The words flitted through my mind, causing my head to ache. I brought one hand up and massaged the back of my neck.
Ryan,
I'd had that conversation with Ryan. I'd had that conversation with Ryan
that
day. I shook my head. No, no, I refused to think about that day. I pushed it out of my mind forcefully.
No.
I had to explain things to Lily. I had to let her know that what happened wasn't my fault. I had to know if she'd give me another chance. Never mind that I'd need to start all over with the detoxing. I couldn't do it until I knew things were settled with Lily. And now, thanks to Taylor, or maybe
no
thanks to Taylor, I had a fresh supply. But, no, that was good because I had to make sure Lily and I were okay. I had to know she'd be waiting for me on the other side, so to speak. Knowing that would help get me through the darkness.
Her.
So if she wasn't in the forest, where was she? She'd said she lived nearby, but where?
Going back inside, I pulled my laptop out and sat on the couch with it on my lap. I used Google Earth to look up the lodge. The only building for miles and miles was the abandoned mental hospital Brandon had mentioned. Whittington, Hospital for the Mentally Insane. I did a Google search and scrolled through a couple pages of information.
The Whittington Hospital for the Mentally Insane, later renamed simply Whittington, was first constructed in 1901 on a forty-acre spread of land. The sixty-thousand-square-foot building was designed by Chester R. Pendelton who believed the mentally ill should be cared for and treated with kindness and compassion, away from the many stressors of the outside world. That translated into luxurious interiors including chapels, auditoriums, libraries, private rooms for the patients, all with vaulted ceilings, and large and plentiful windows to allow for maximum sunlight and ventilation. The expansive grounds and gardens featured beautifully ornate statues, fountains, and benches, and excellent walking paths.
I scrolled through the few black and white pictures online, not noting the exact year they'd been taken. Despite the fact that the interior was indeed, very appealing—light and airy—the outside of the building looked like something out of a horror movie. Enormous and gothic with tall, ornate towers, grandiose arches, and sweeping windows. There were even screaming gargoyles flanking the upper windows. I was sure nothing put the mentally ill at ease quite like monsters outside their rooms. I couldn't help shivering.
Whittington was built over twenty miles away from the nearest community to ensure that should a patient escape, there was no risk to outside inhabitants.
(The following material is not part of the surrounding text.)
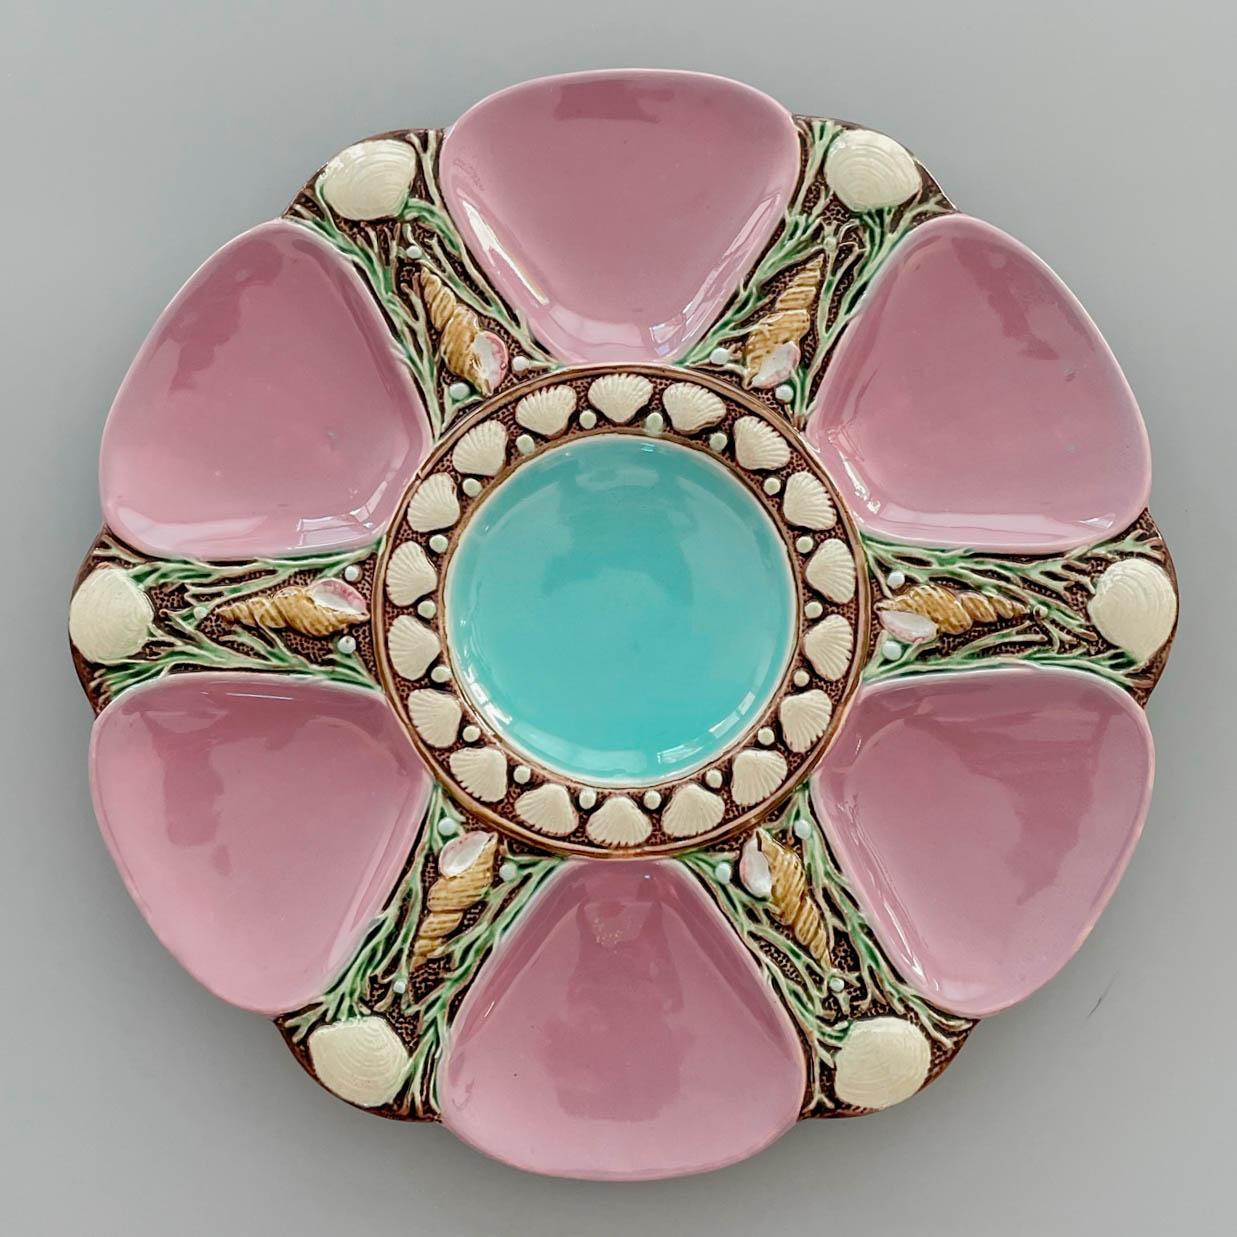 A 19th Century English Minton Majolica oyster plate, with an aqua blue center well and six mauve pink oyster wells separated by seashells, scallops and green seaweed in relief on brown ground. Green glazed underside with Minton stamp. There is an

Whittington was a privately owned hospital whose patients were comprised mainly of members of wealthy families who wished to keep their relative's condition private. In later years, though still privately owned, Whittington began accepting donations, grants, and some state funding for the less fortunate.
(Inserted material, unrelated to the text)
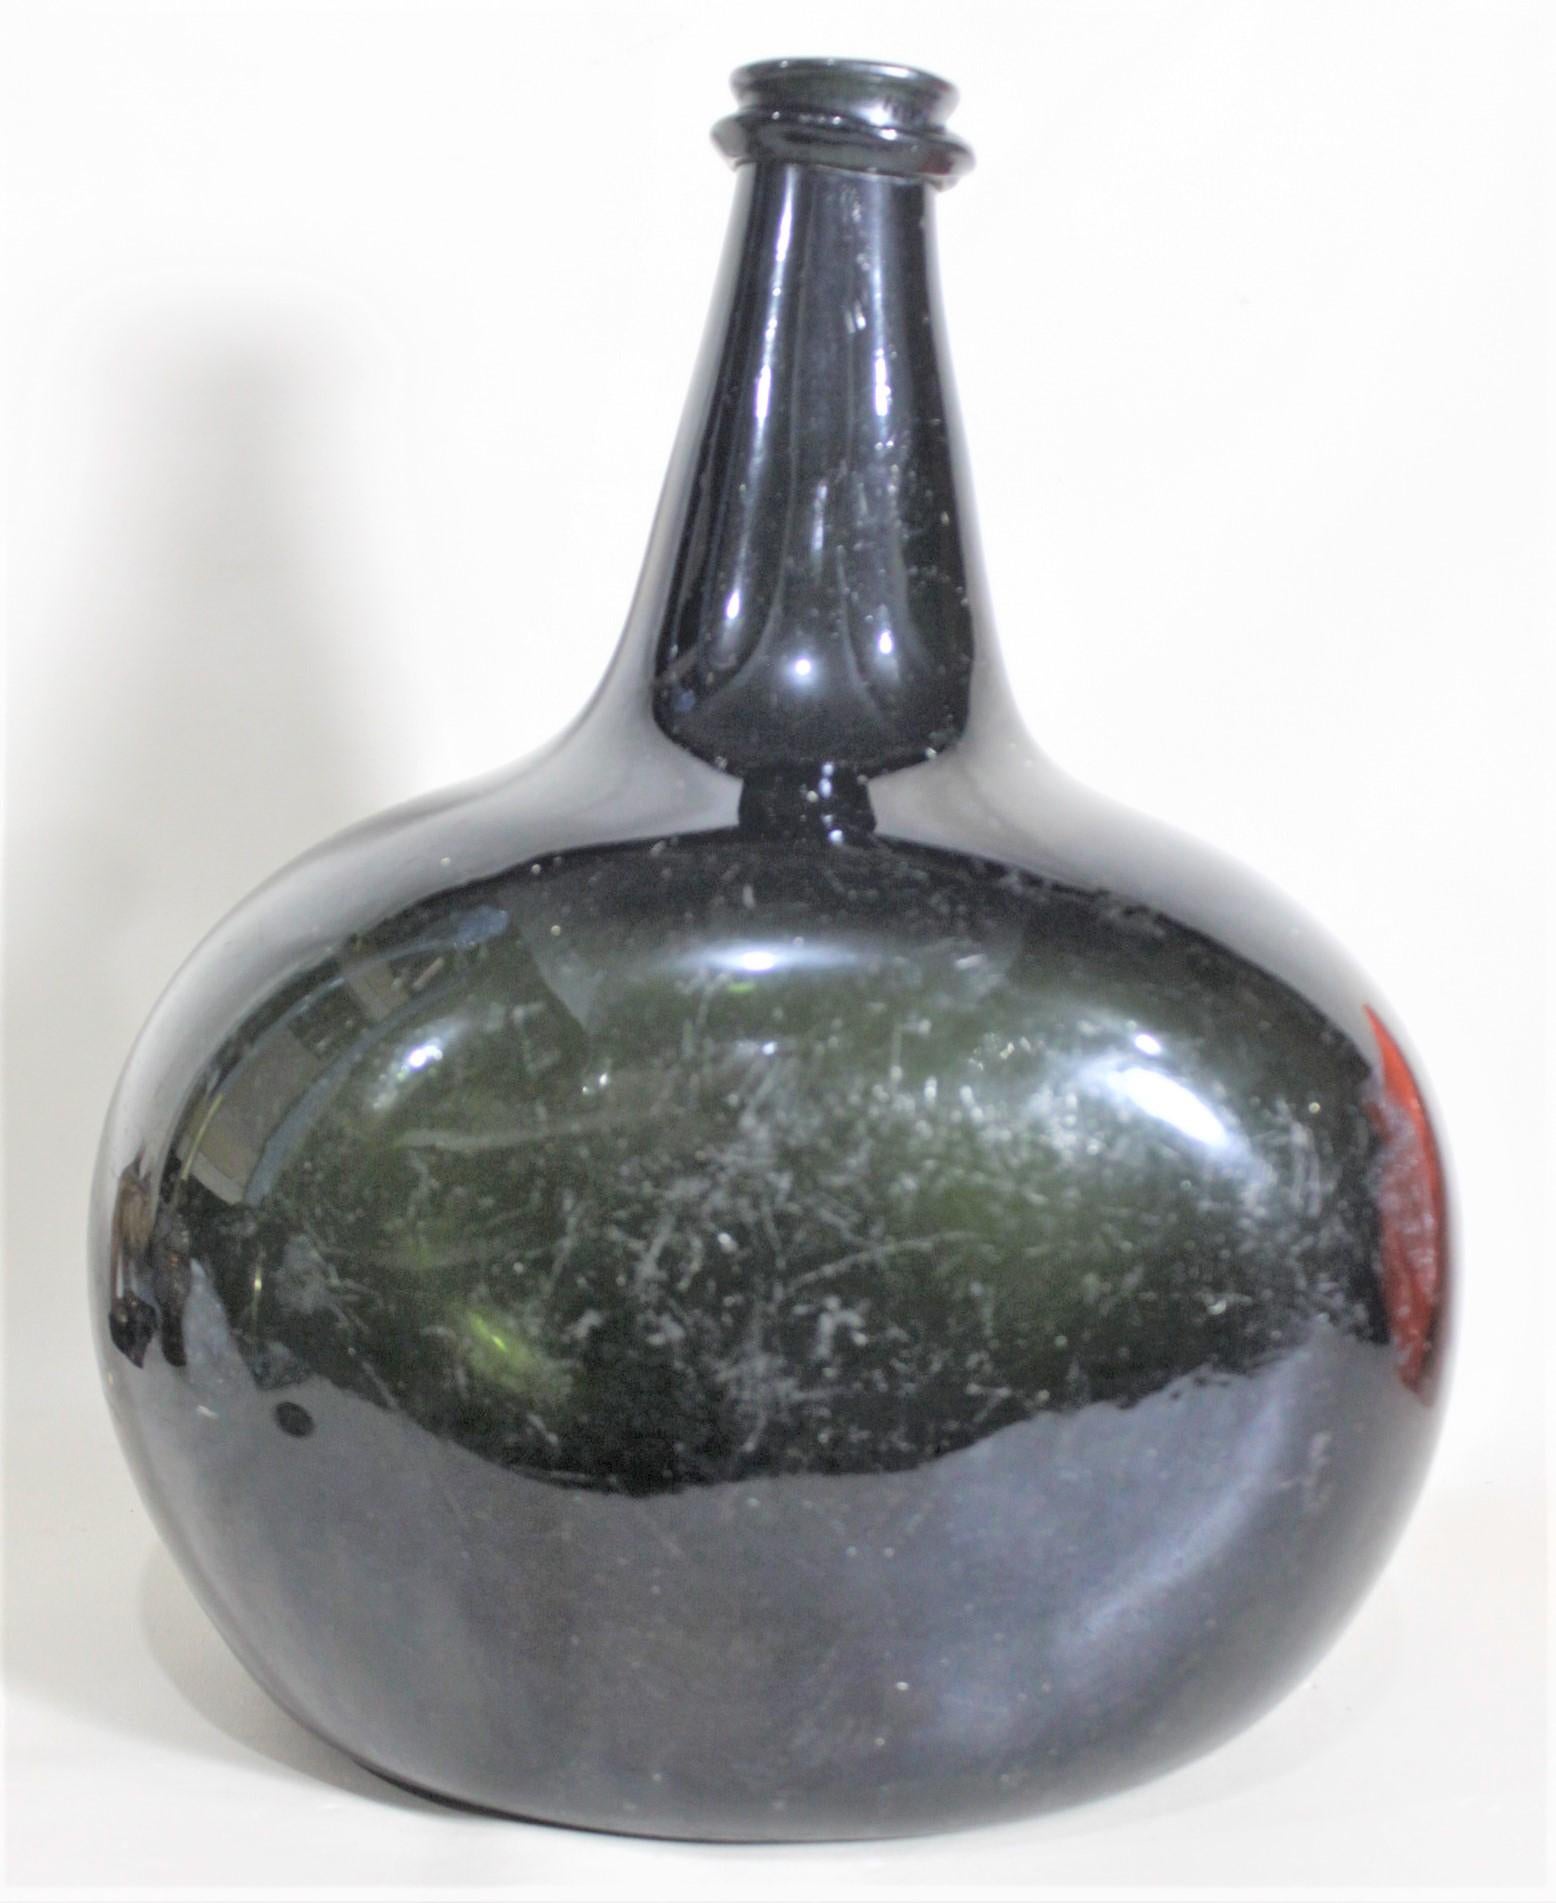 This very large and substantial antique wine bottle's exact origins are unknown, but it is presumed to be English or possibly Dutch and dating from the early 1700's. The bottle was hand blown and formed and uses a very thick deep olive green glass.

Despite the good intentions of its design and beginnings, Whittington, originally intended to treat three hundred patients, had a population of almost fifteen hundred by the twenties. The staff numbers, however, remained stable. This meant the patients were often severely neglected, becoming sick and filth-ridden from lack of care, and the staff was unequipped to offer them more. It wasn't uncommon for a patient to die and not be discovered for days, even weeks sometimes.
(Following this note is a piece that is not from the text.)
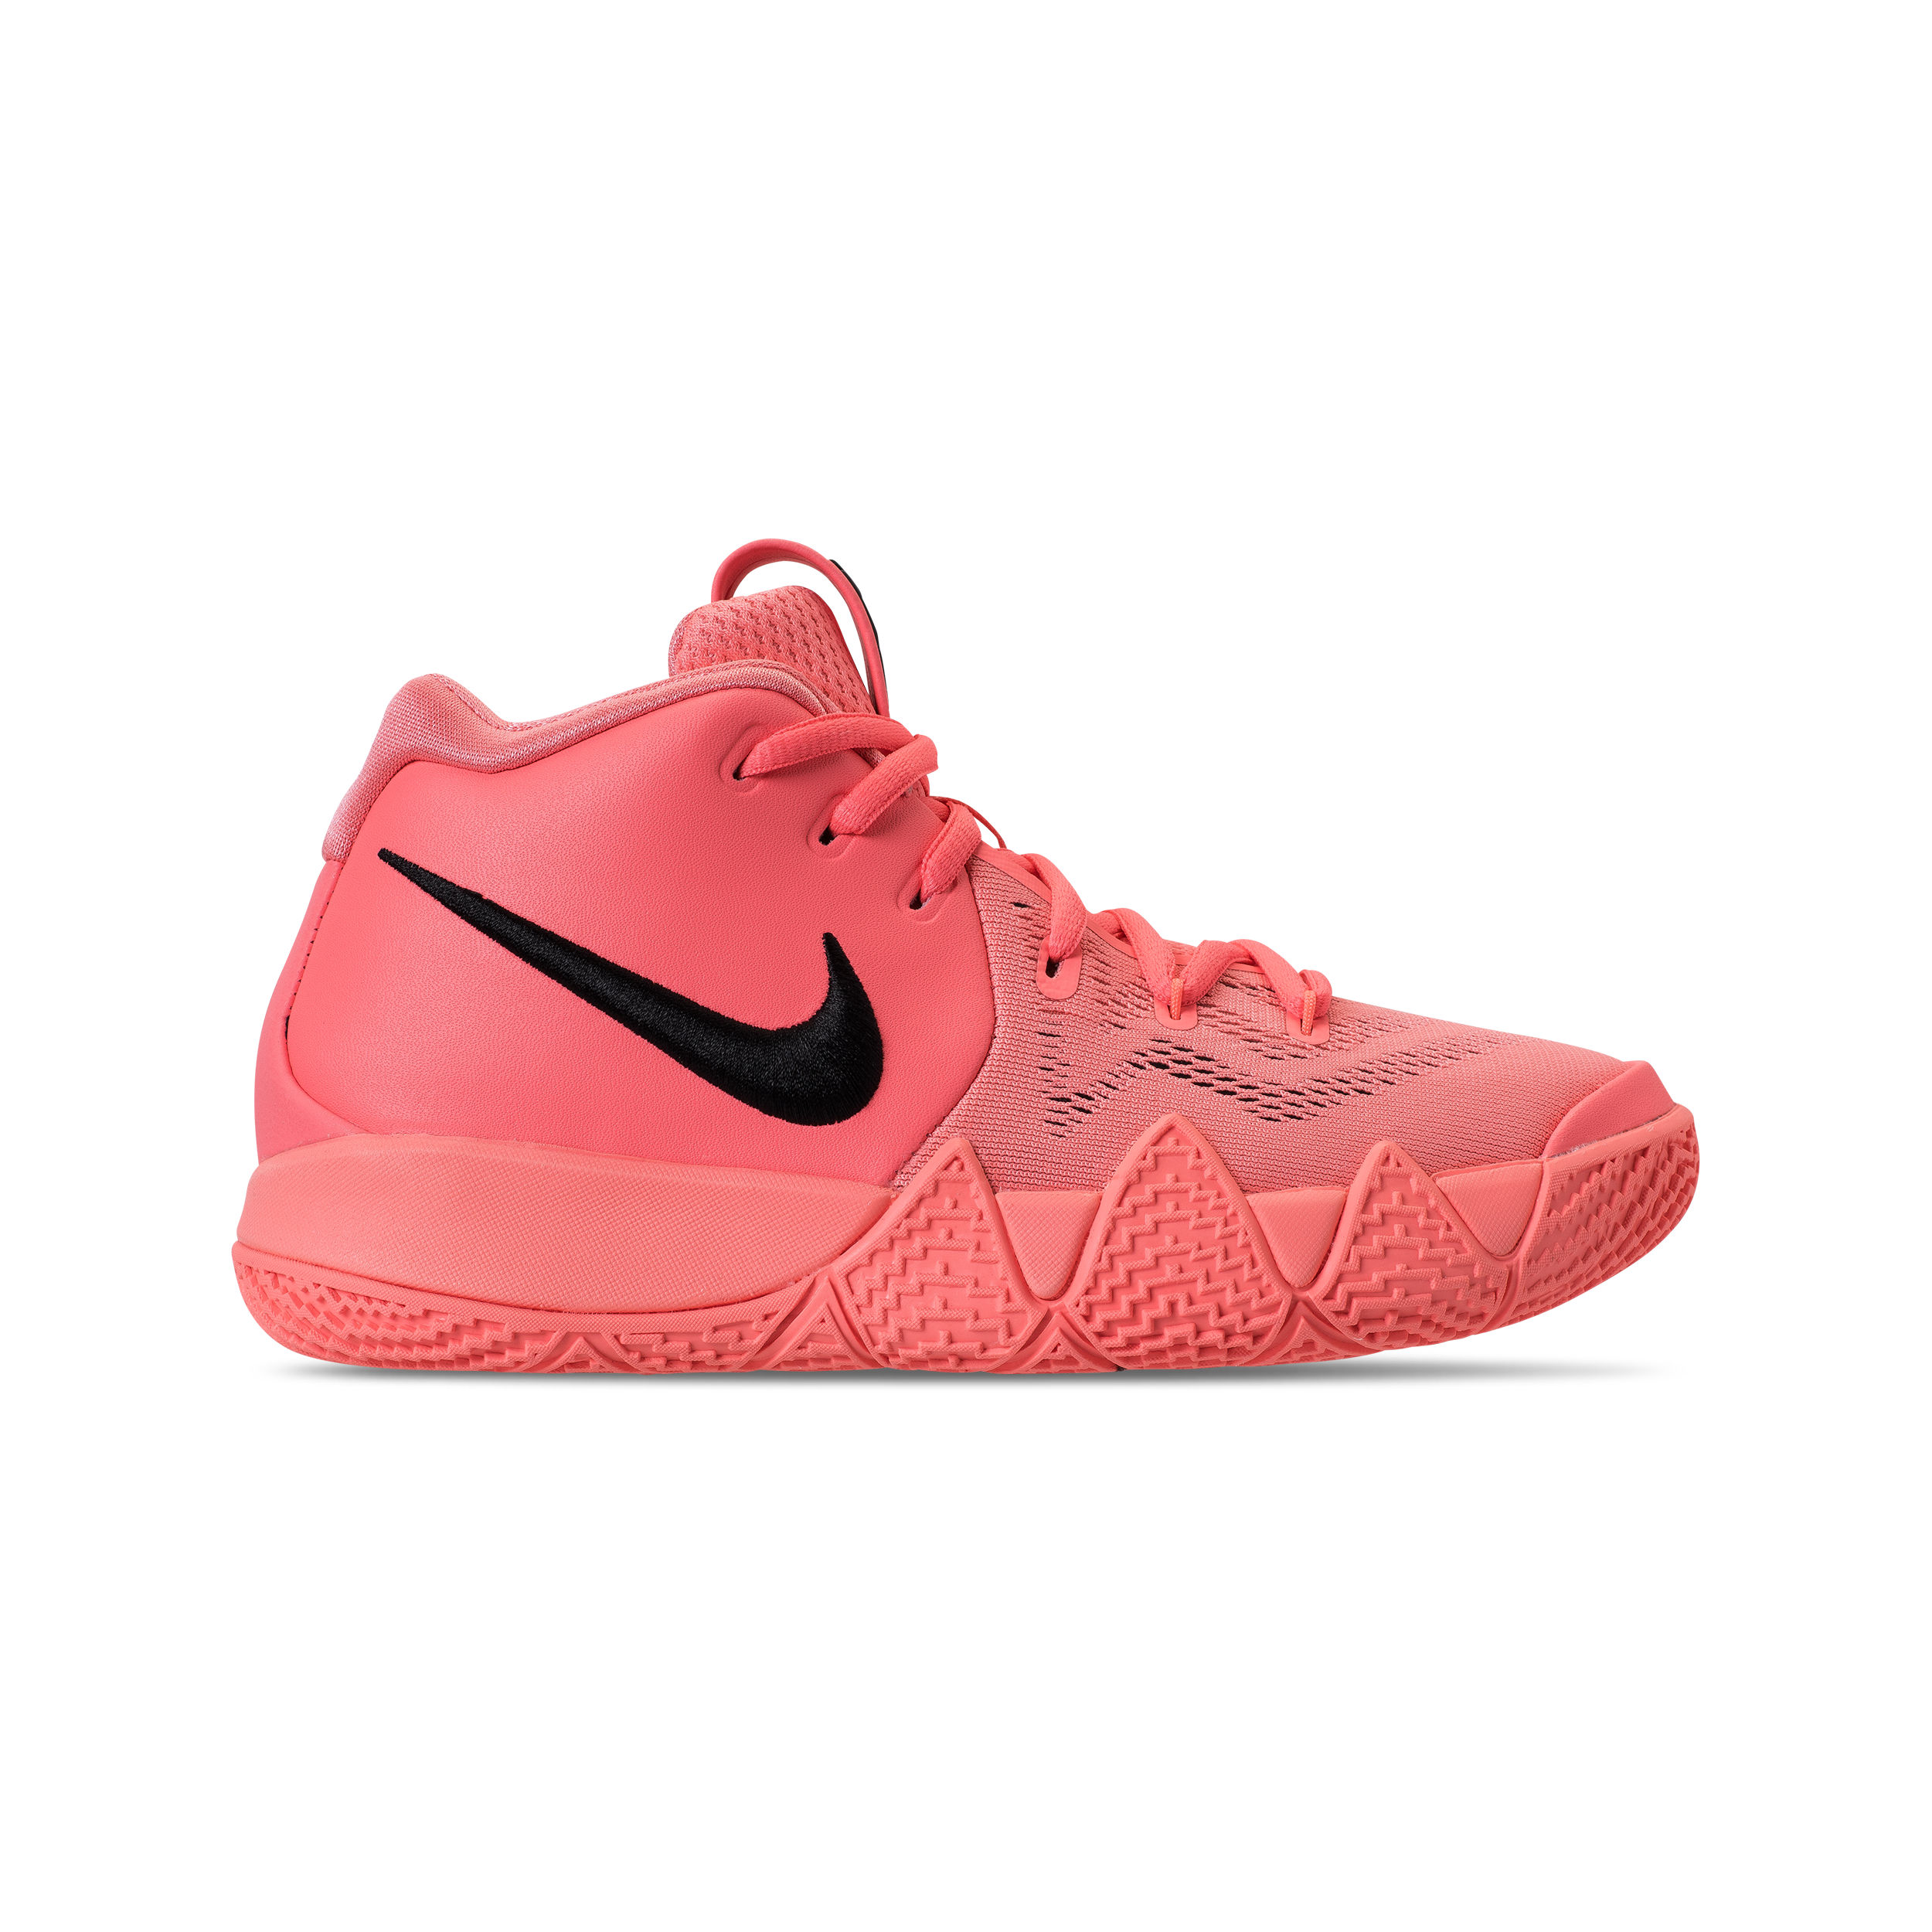 kyrie 4 all pink

In 1915, Dr. Jeremiah Braun became the director of Whittington and instituted treatments that have been associated with the horrors of psychiatric facilities of the past: padded cells used for solitary confinement, mechanical restraints including straightjackets, the over-medicating of those difficult to control, insulin shock therapy, psychosurgery, and the lobotomy. The icepick lobotomy, which was essentially an icepick to the eggshell-thin bone above the eye, was a radically invasive brain surgery used to treat everything from delusions, to migraines, to melancholy, to deep depression, to "hysteria," a term used for women who exhibited sexual desire and strong emotions.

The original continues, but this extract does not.